All of the above heavily contributes to Autistic suffering by using these convoluted systems to deny access to much needed support and accommodations. It’s an inside joke amongst Autistic parents and carers that they are waiting for a FII referral.
“One whiff of neuro- and they’ll have you for FII”
It’s all based in the ableist assumption that Autistic people are incompetent and incapable child-abusers. Maybe the commonly held (and debunked) theory that we don’t have empathy contributes to this?
Seeking support for your disabled child has effectively been criminalised.
What can be done about it?
Here’s the tricky part, because these accusations, and infringements on private family life grind us down. Really the only thing that we can do about it is to tick every box that’s listed as an “alerting sign”.
Request an education, health, and care needs assessment from your local authority.
Be prepared to appeal every unlawful decision.
Seek professional advocacy.
Keep all communication in written format.
Keep everything as evidence.
Get very good at filing, very quick.
If you are able to access private specialist assessment, do it.
If you are being accused of FII, consider commissioning an independent social care assessment.
Expect parent/carer blame.
Do not take it personally.
Do not give up.
We realise there is cost involved in the above advice, and it’s not cheap. Unfortunately, it’s just another fine example of how policies and systems are designed to penalise poor and disabled people. There are a few things you can do if you are on a low income though.
Learn as much as you can! The fight for your children’s right’s and your own never goes away, the sad fact is you will always be battling to get what your child needs and is legally entitled to, you just get better at it and it becomes less overwhelming over time.
Evidence– You can submit subject access requests to schools, local authorities, doctors etc. This should give you evidence of your child’s difficulties and what has been done to meet their needs.

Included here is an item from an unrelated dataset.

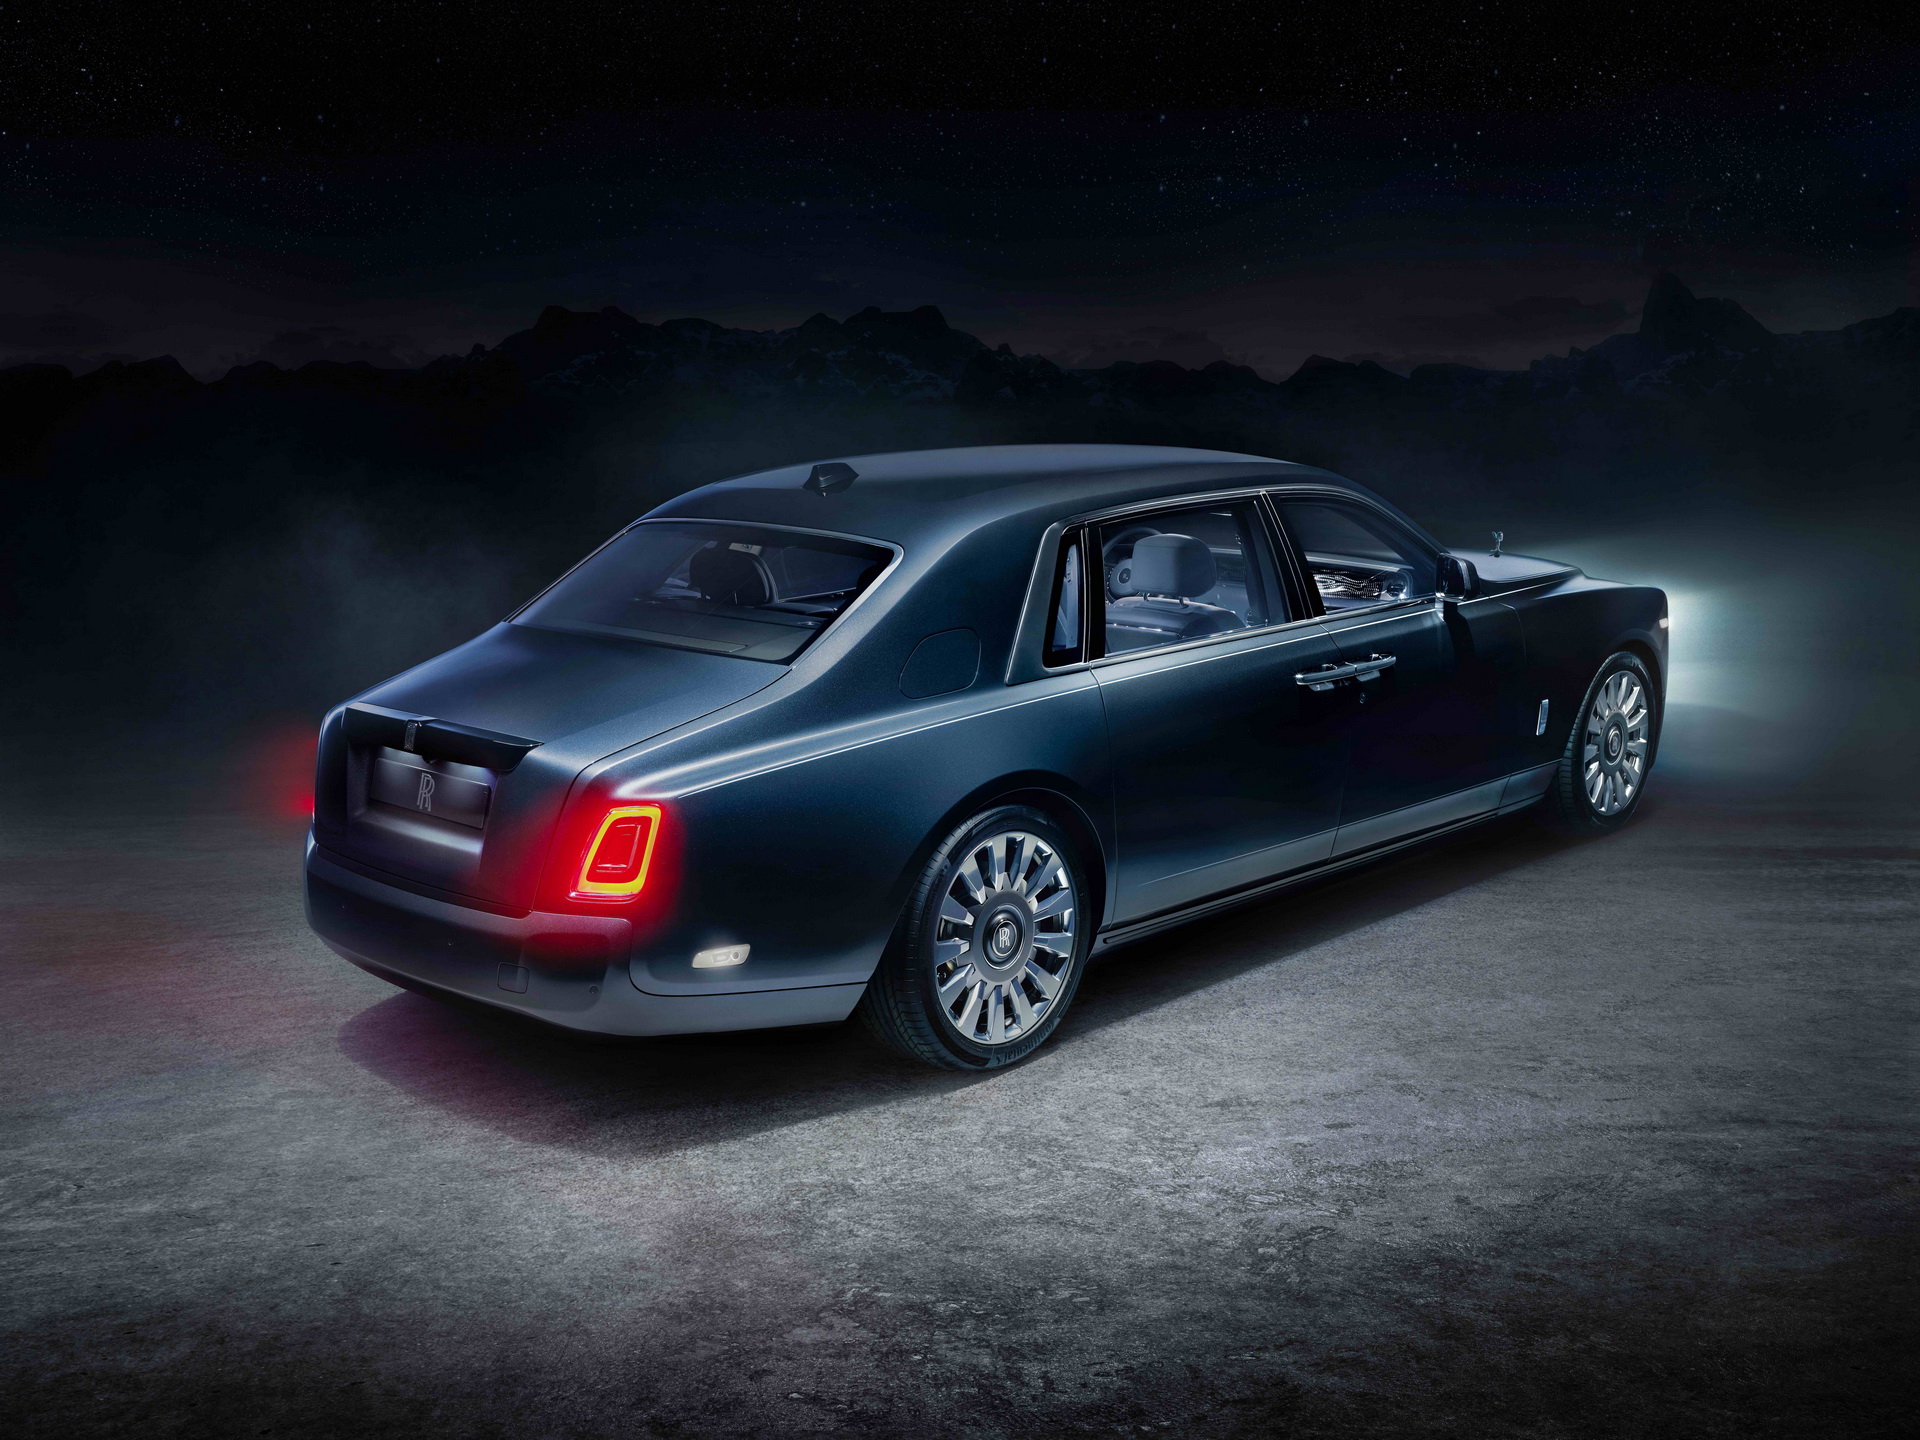 Rolls-Royce - Với hơn 100 năm lịch sử và danh tiếng vang dội trong ngành ô tô, hãy cùng khám phá thế giới của Rolls-Royce và thưởng thức những vật phẩm xe hơi sang trọng nhất thế giới.

Legal Aid – If you are a low-income family, you may be able to access legal help to appeal local authority decisions regarding EHCP’s. Legal help will also fund independent reports, usually Educational Psychology, Speech and Language and Occupational Therapy, I have known them fund independent Social Care reports before however it is not common place and you will have to put together a good argument as to why it is necessary from the perspective of an EHCP. You can access legal aid information here.
Make use of free resources – IPSEA have a range of templates for all things EHCP related and a free helpline although, it can be difficult to secure a spot. Look for free Q&A’s on Facebook. Scour the files section of face book groups.
Finally, access the Autistic community online, many of us have been down this well-trodden path before and can give some really sound advice. Many of us are professionals working within this field.
It’s not always called FII, mostly it is implied rather than explicitly said. The default position is always that there is a fault with the parent/carer. Especially if you are Autistic.
Bilson, A. (2021) Education Magazine – Episode 6 – Fabricated or Induced Illness. Sinclaires Law. YouTube.
Clements, L (2021) Institutionalising parent/carer blame. Cerebra.
Davey, E (2021) Institutionalising parent/carer blame. Cerebra.